What to produce
Your copy of the data below must be exact and must leave out all pictures.

Dataset excerpt
---*---

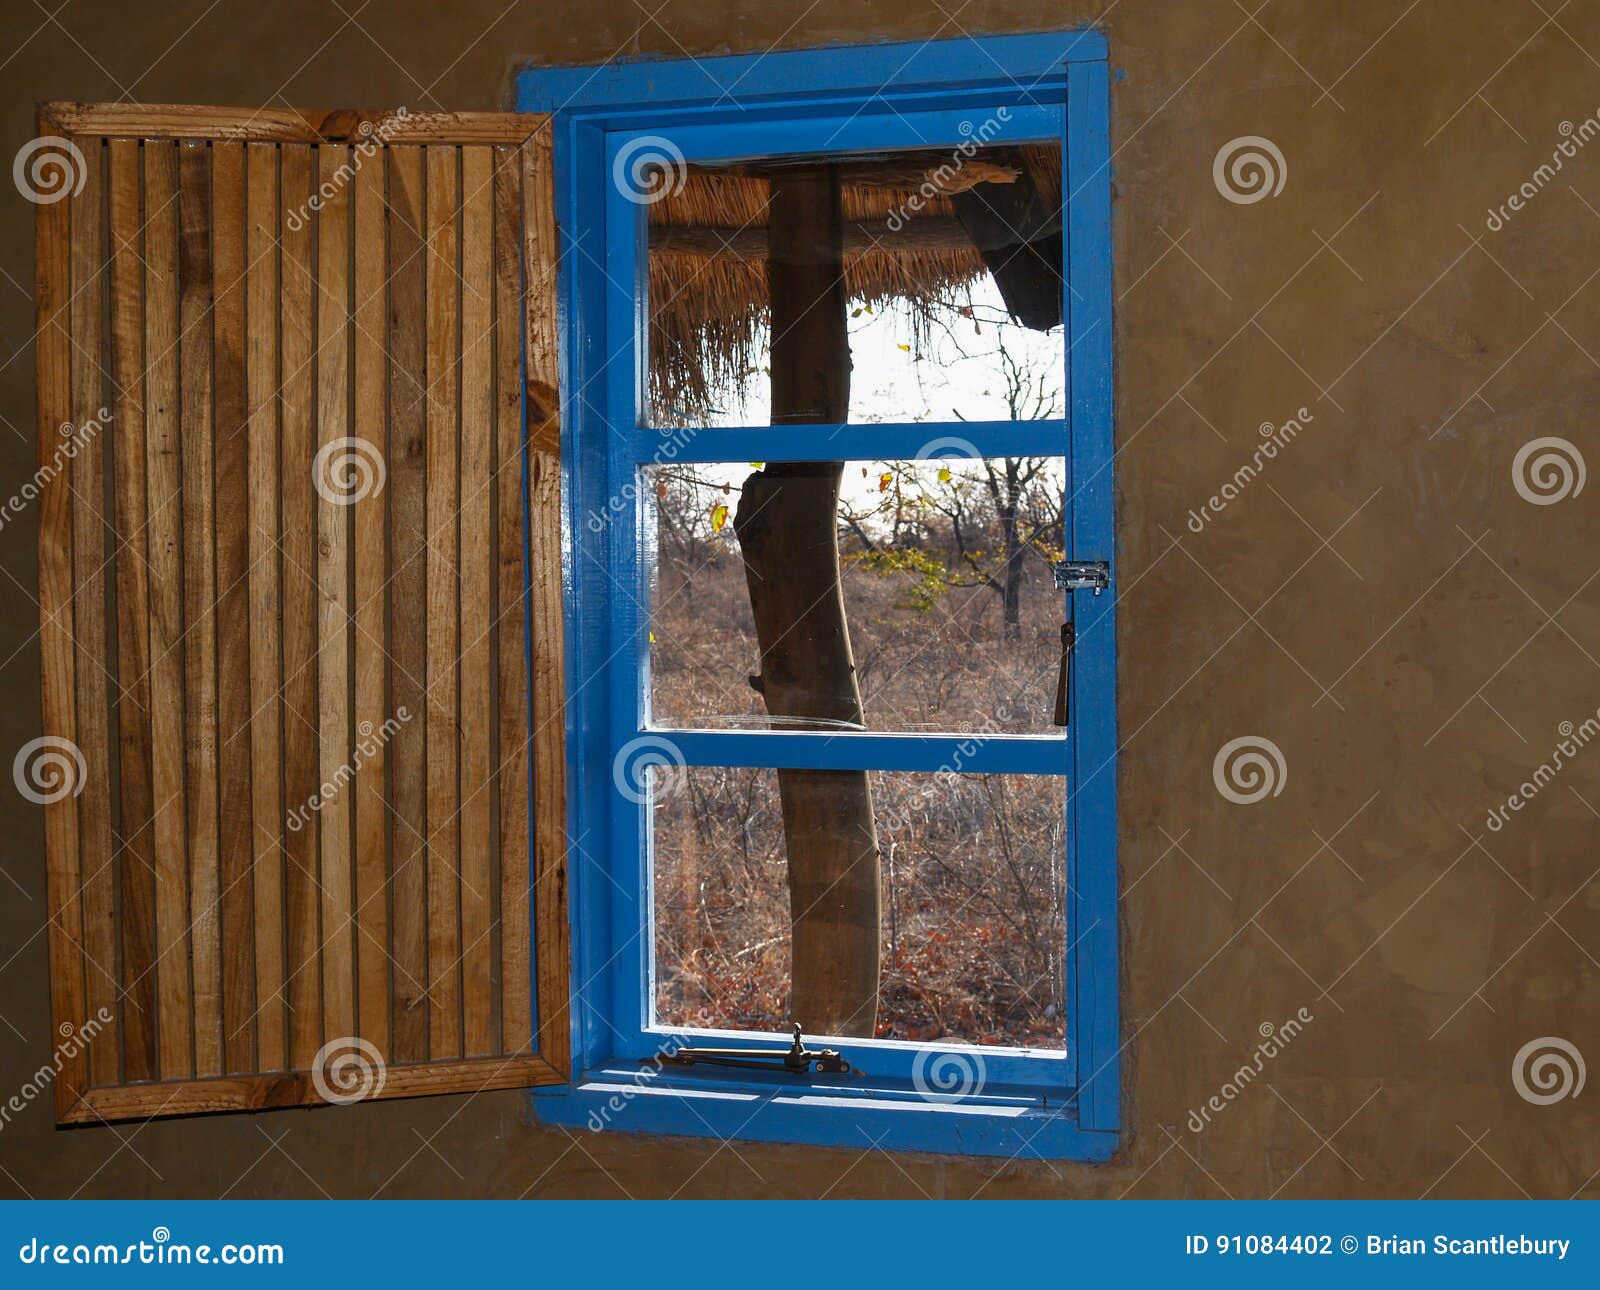 bright blue window with open slat slat wooeden shutter and view
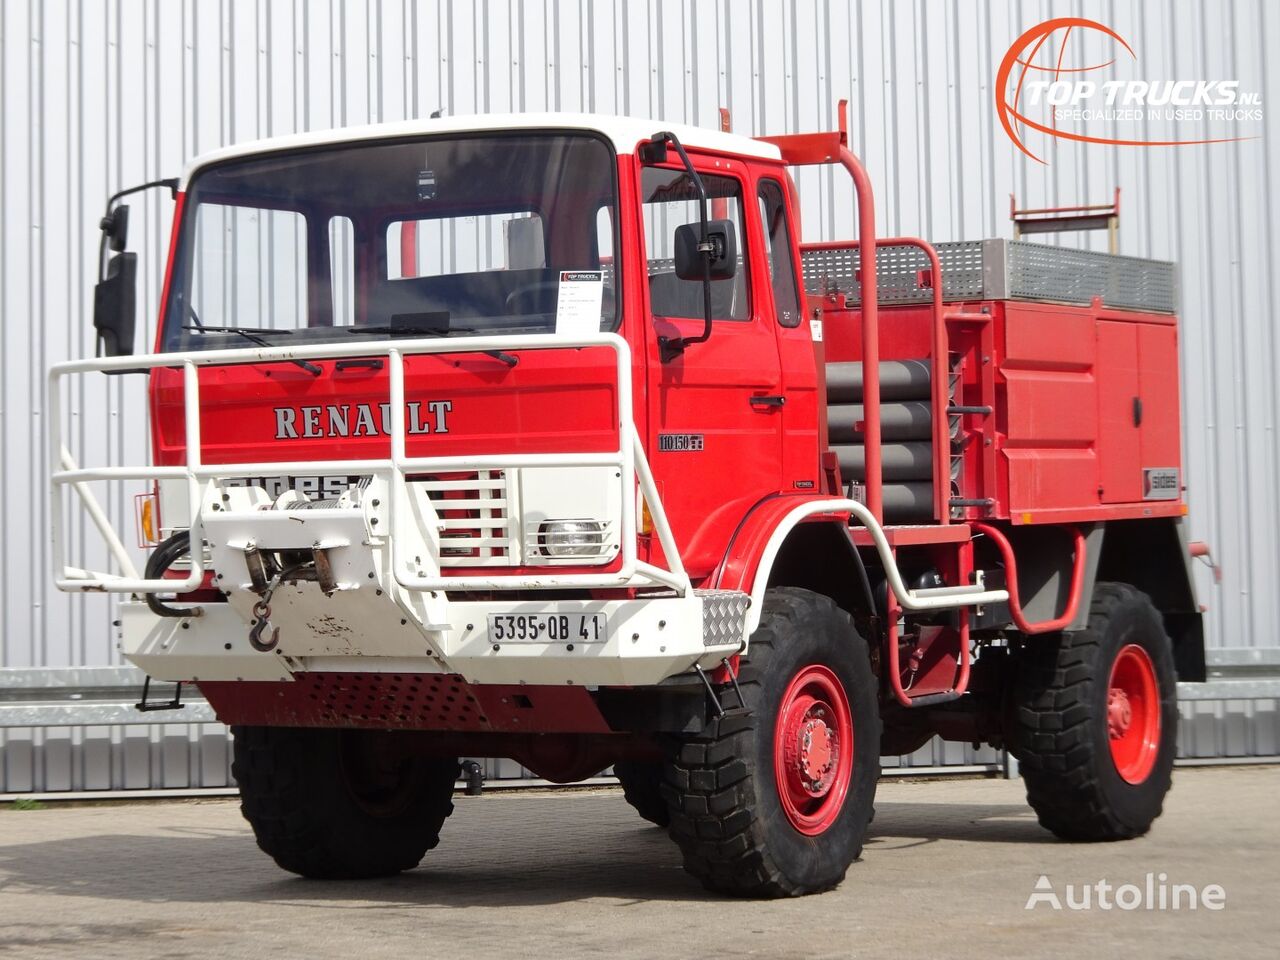 camion de pompiers Renault 110-150 4x4 -Feuerwehr, Fire brigade -3.000 ltr watertank - 5t
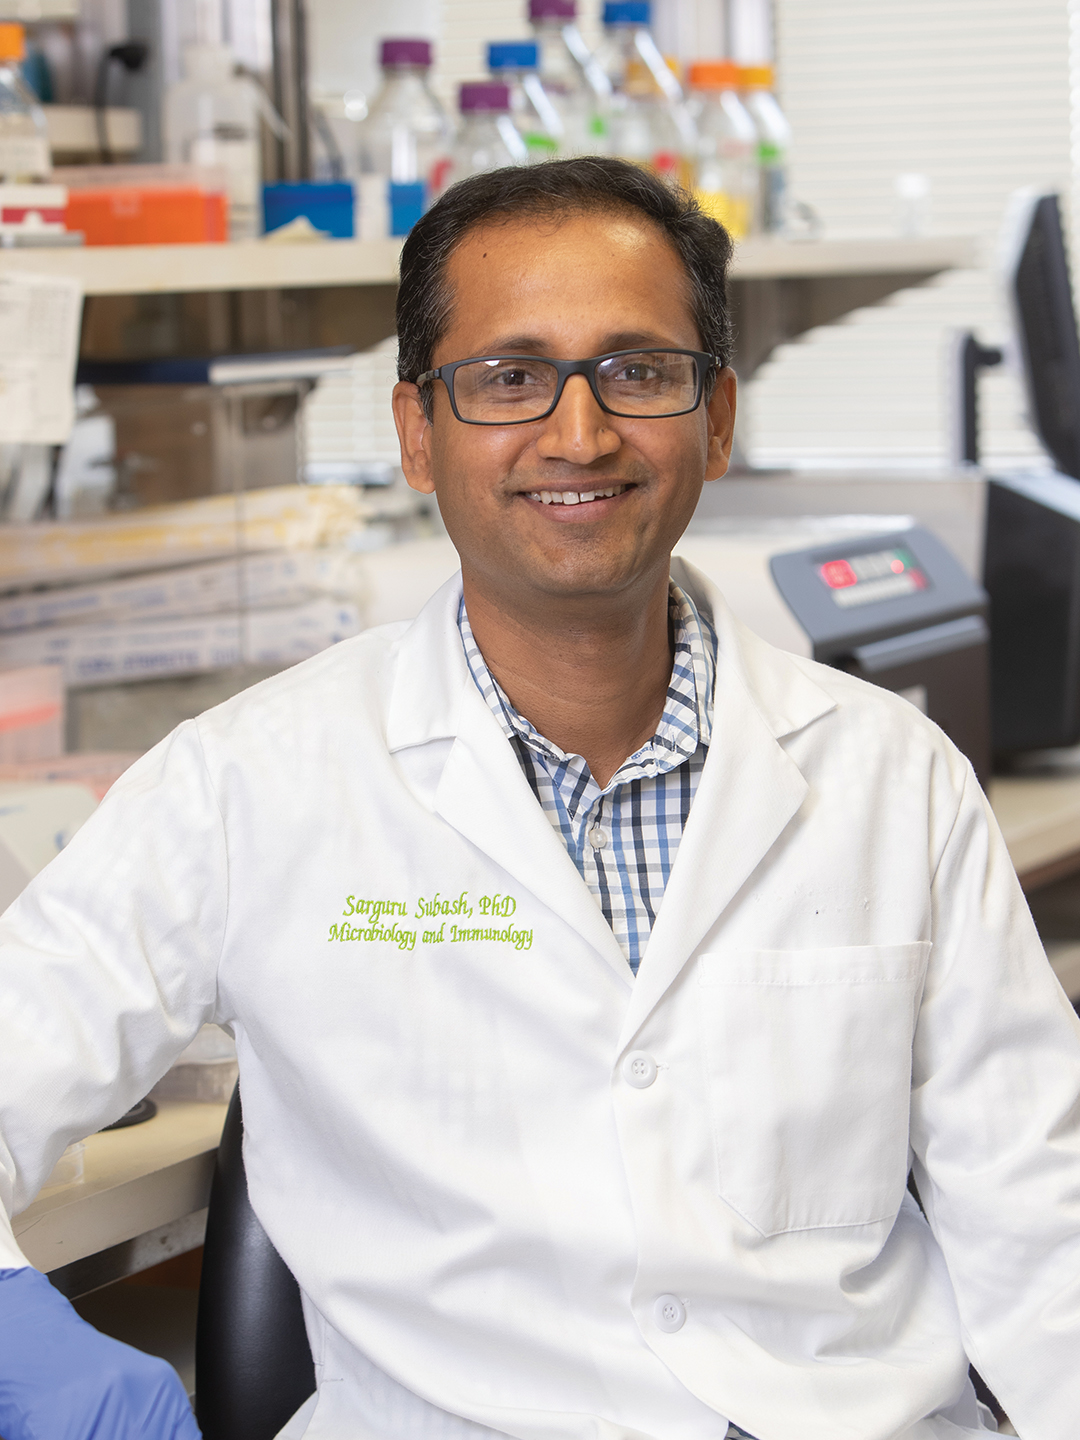 Dr. Sarguru Subash in a white lab coat
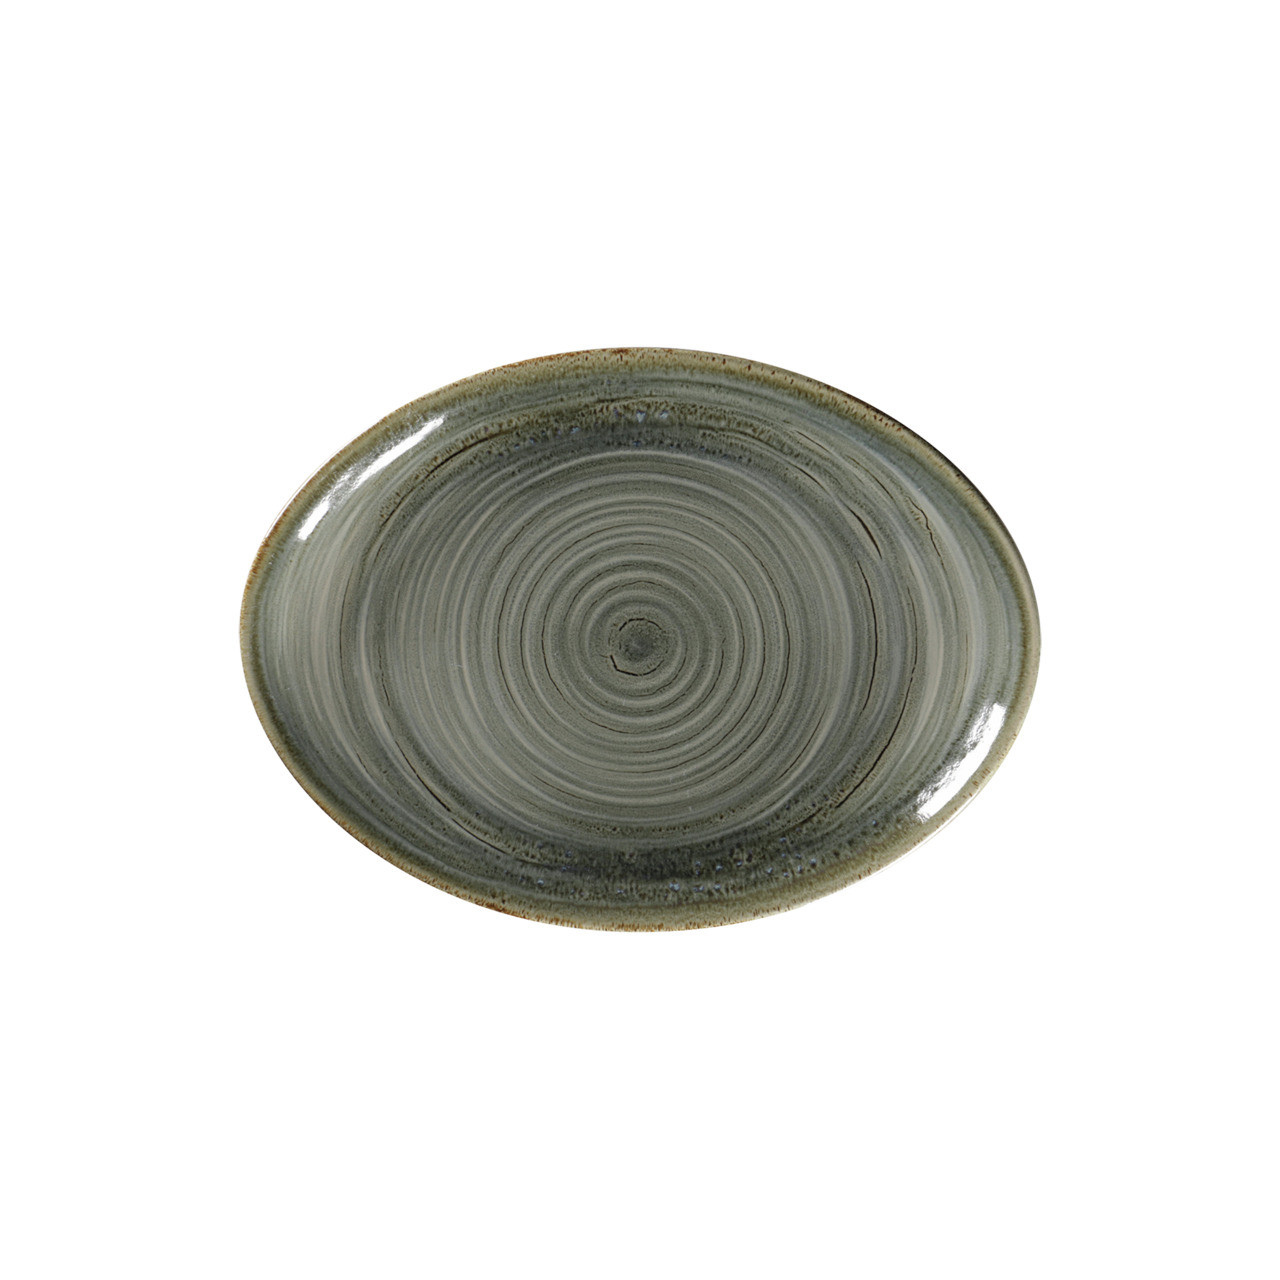 Spot, Platte oval 260 x 190 mm peridot green

---*---

Written answer
 bright blue window with open slat slat wooeden shutter and view
 camion de pompiers Renault 110-150 4x4 -Feuerwehr, Fire brigade -3.000 ltr watertank - 5t
 Dr. Sarguru Subash in a white lab coat
 Spot, Platte oval 260 x 190 mm peridot green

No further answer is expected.